A weight loss product that restricts wearers to a liquid diet by locking their jaw shut has been described as a ‘torture device’ by critics.
The medical contraption prevents a person from eating solids by using magnets to stop their jaw from opening wider than 2mm.
The DentalSlim Diet Control was developed by teams at the University of Otago in New Zealand and scientists in Leeds, England. So far, the device has been trialled on seven obese women in Dunedin, NZ.
In a tweet, the University of Otago described it as a ‘world-first weight-loss device to help fight the global obesity epidemic.’
Results from the trial published in the British Dental Journal described how the seven women were fitted with the magnetic devices, which are attached to the upper and lower back teeth, for one week, during which time they were given a ‘commercially available liquid diet’, but could not eat any solid foods.

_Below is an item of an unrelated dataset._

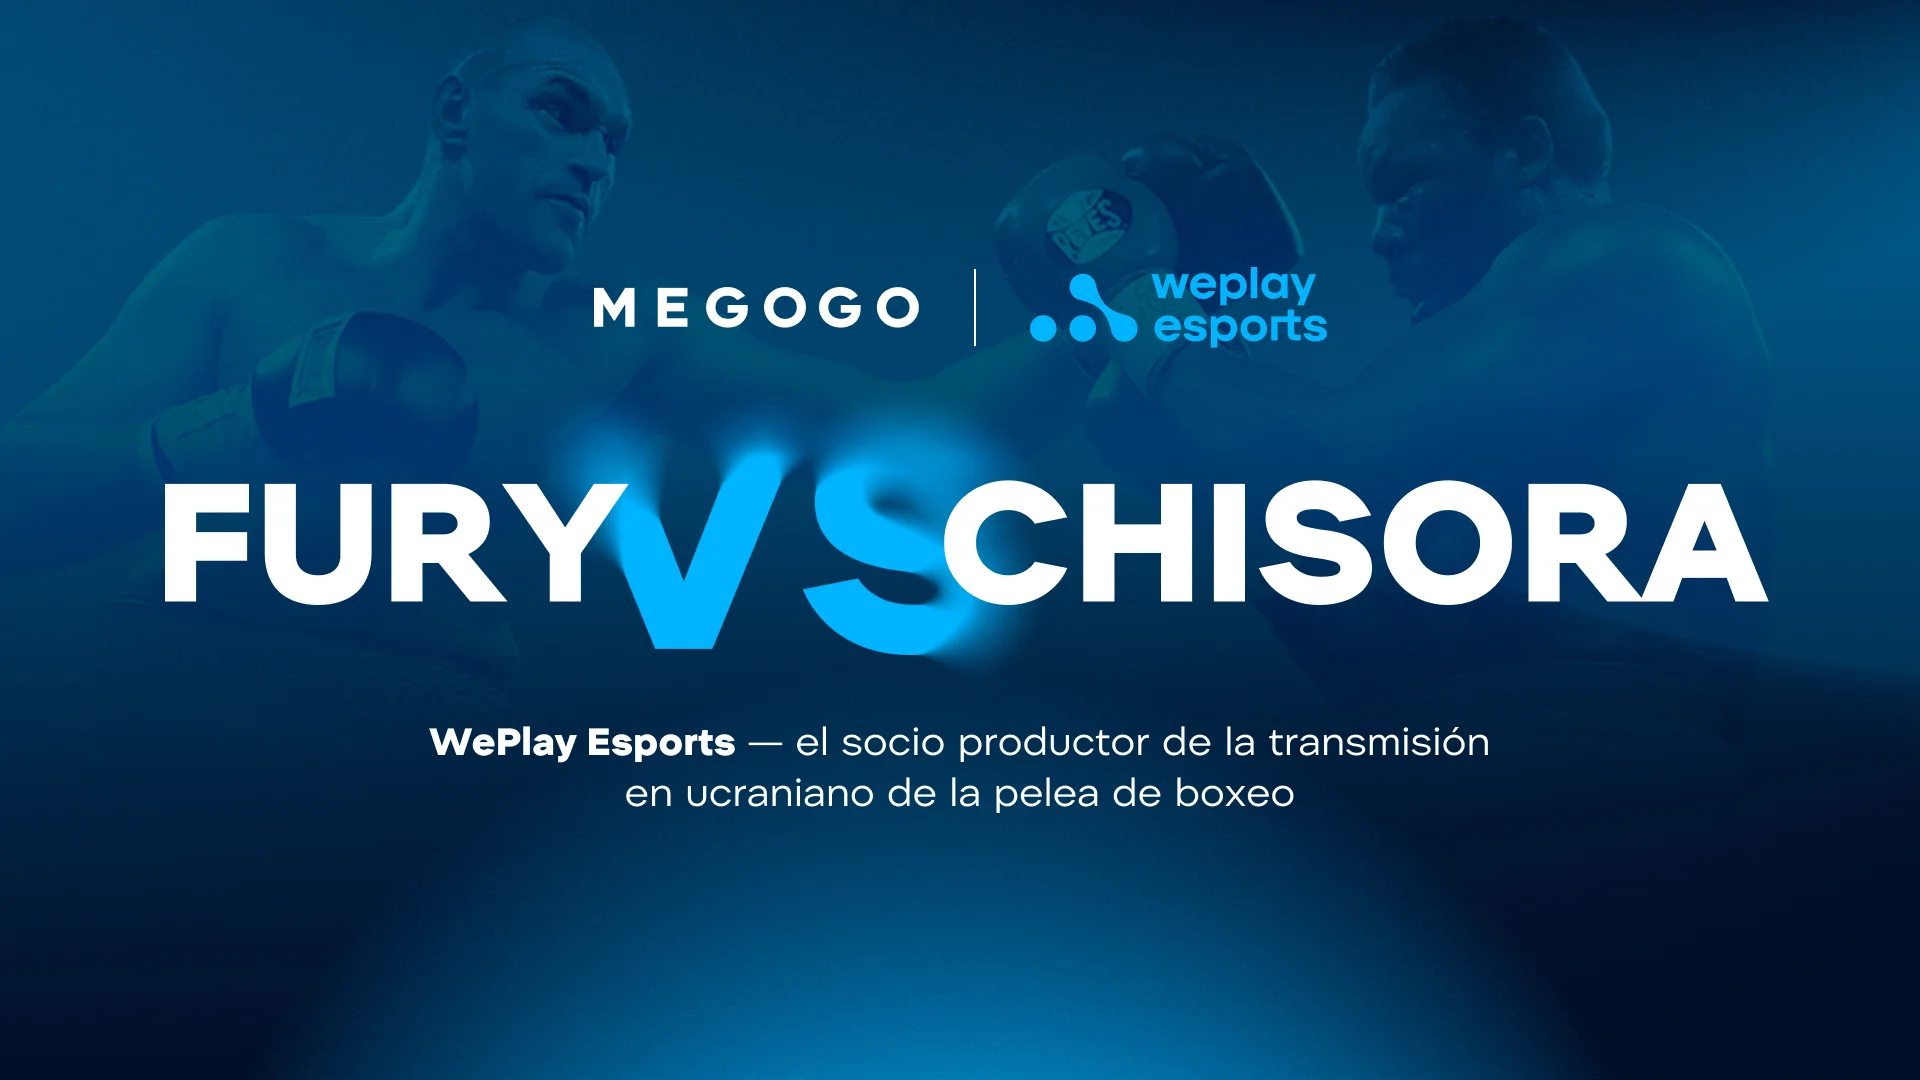 WePlay Esports es el socio productor de la transmisión en ucraniano de la pelea de boxeo Fury vs. Chisora ​​en MEGOGO. Imagen: WePlay Holding

At the end of the trial the women had lost an average 5.1% of their body weight – a mean loss of 6.36kg.
Professor Paul Brunton, who helped develop the device, said:
The main barrier for people for successful weight loss is compliance and this helps them establish new habits, allowing them to comply with a low-calorie diet for a period of time. It really kick-starts the process.
It is a non-invasive, reversible, economical and attractive alternative to surgical procedures.
Despite Brunton’s insistence that there were ‘no adverse consequences’ to the device, the women who trialled it reported feeling uncomfortable and struggling to speak, as well as feeling that ‘life in general was less satisfying’.
Social media has thoughts about the device too, and they’re not good. ‘A world-first and world-last, I sincerely hope,’ one person posted. ‘This is a torture device and you should be embarrassed to be promoting it, let alone to be associated with it.’
Another criticised the attempt to force women into potentially harmful diets, saying, ‘You don’t need this torture device to go on a liquid diet. I did slimfast in the 90s and lost a tonne of weight quickly. I also started vomiting, taking laxatives and exercising obsessively. I put all the weight back on when I gave that up, but the damage it did is still with me.’
The device wasn’t entirely foolproof either, with one participant admitting that they had ‘cheated’ by melting down chocolate and drinking soda during the trial.